> Wouldn't it be fair to think of AI as just another search ability?
If you're asking it questions, yes. It's like search but with a simulation of understanding and information synthesis far faster than a human can perform it.
If you're having it write your code, no. It's like a junior developer who has no awareness of the bigger picture, of incompatibilities, of understanding that hasn't been contained and can't be derived from the codebase.
> If you can just search with GPT and tell the difference, wouldn't that be enough?
The situation the satire is describing is an individual who is unable to tell the difference. The way the scenario is laid out, everything she's 'accomplished' has been to prompt ChatGPT and publish its answers with some degree of editing; it's clear that she, as an individual, is not an expert, does not understand the thing she is presenting, and does not know any of what she has purported to know. This is also a sadly common refrain these days.
> I can't imagine memorizing thousands or tens of thousands of lines.
It's not about memorizing thousands of lines of text; it's about demonstrating to the panel that you have an understanding of the thing you're claiming to have an understanding of.
I work with a lot of software and infrastructure at work. I can tell you how it all (or most of it) works together and interacts. I could not reproduce the configurations of any of the software from memory, nor recite any of the code, but I have an understanding of the system, how it works, what it was designed for, and what choices were made and why.

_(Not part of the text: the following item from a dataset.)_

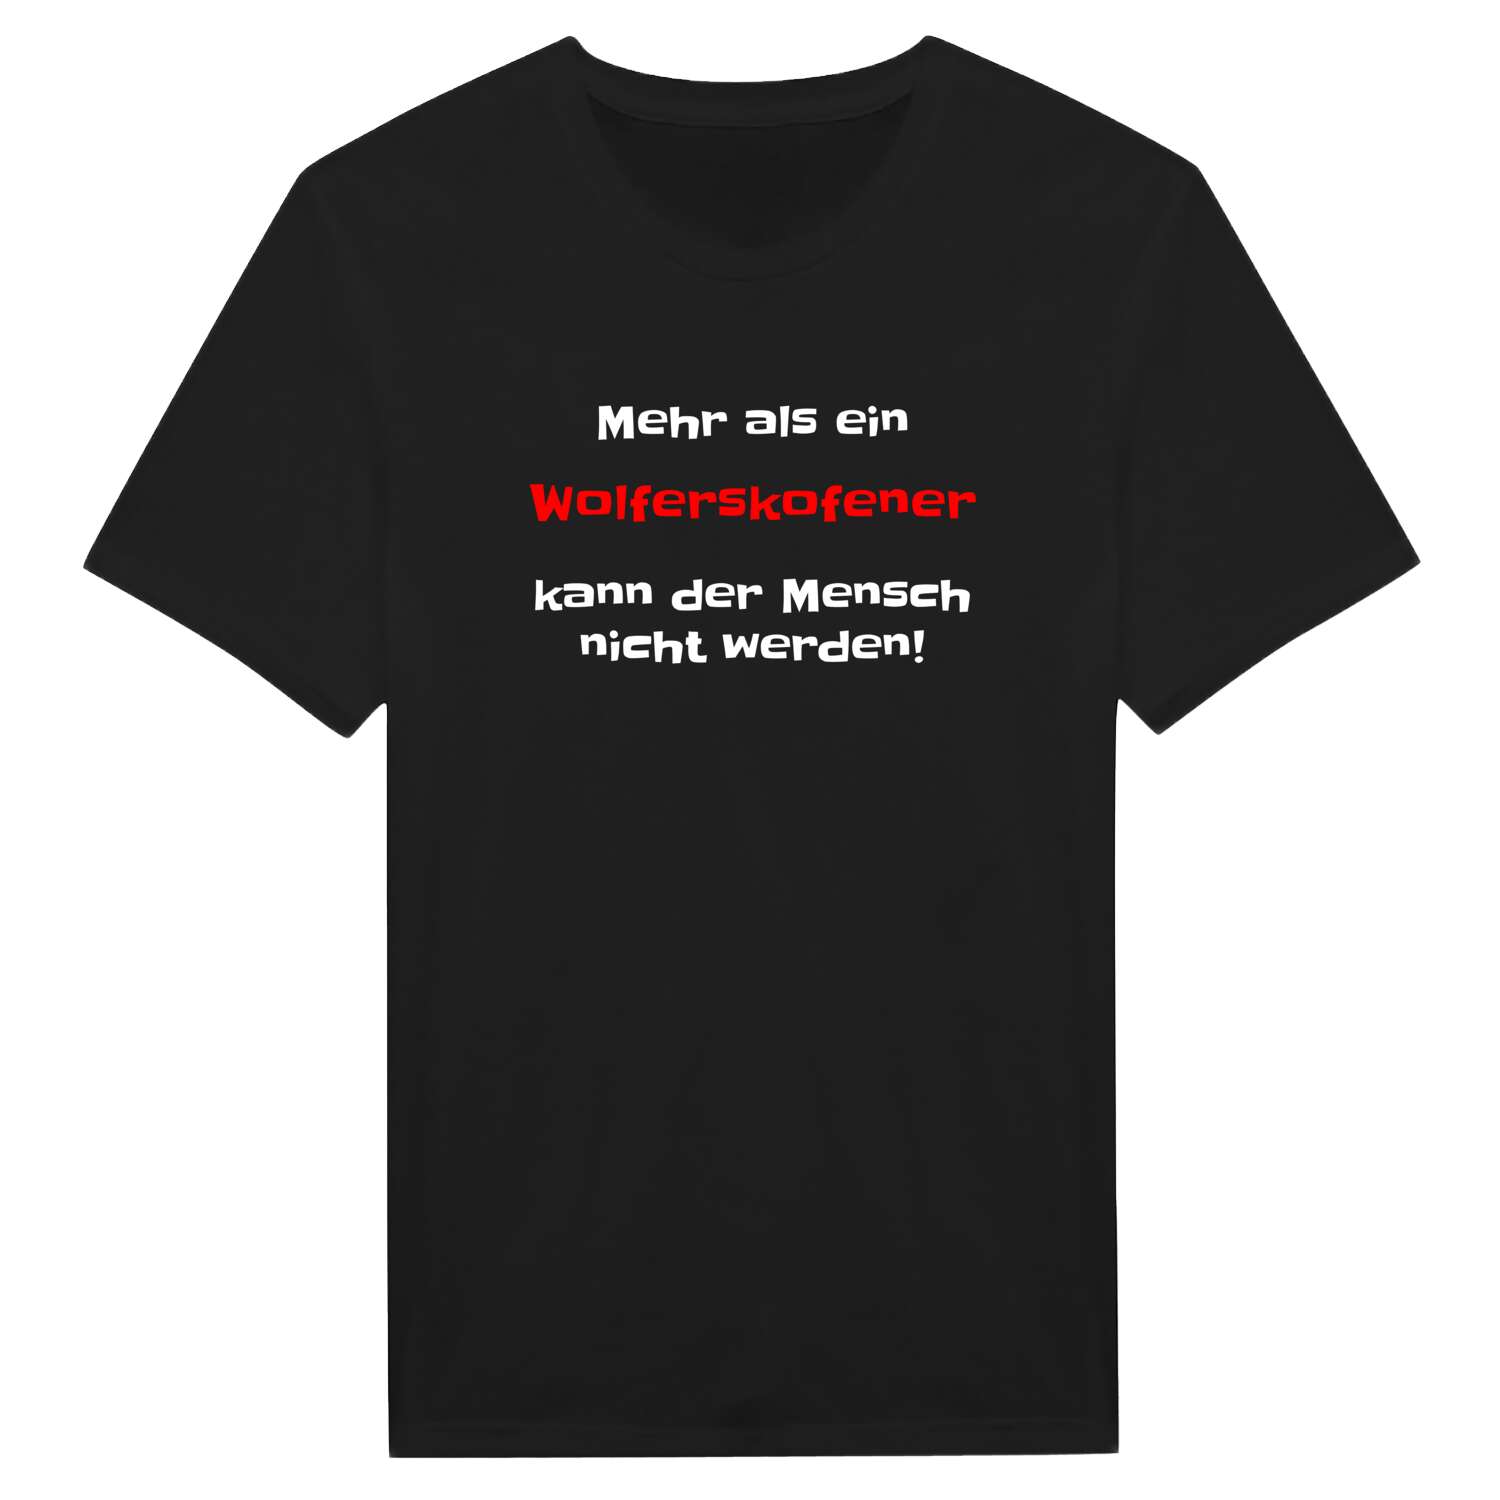 Wolferskofen T-Shirt »Mehr als ein«

The professor in this article does not have any of that understanding. It would be as if I had Claude deploy a cluster of X, Y, Z components, configure them, and get them online, and then put on my resume that I had done it. It was accomplished as result of me, but if I don't understand the system then there's no difference between me doing it and the CEO doing it, or my son, or someone from Taskrabbit.
So yeah, it's not about memorization, it's about understanding.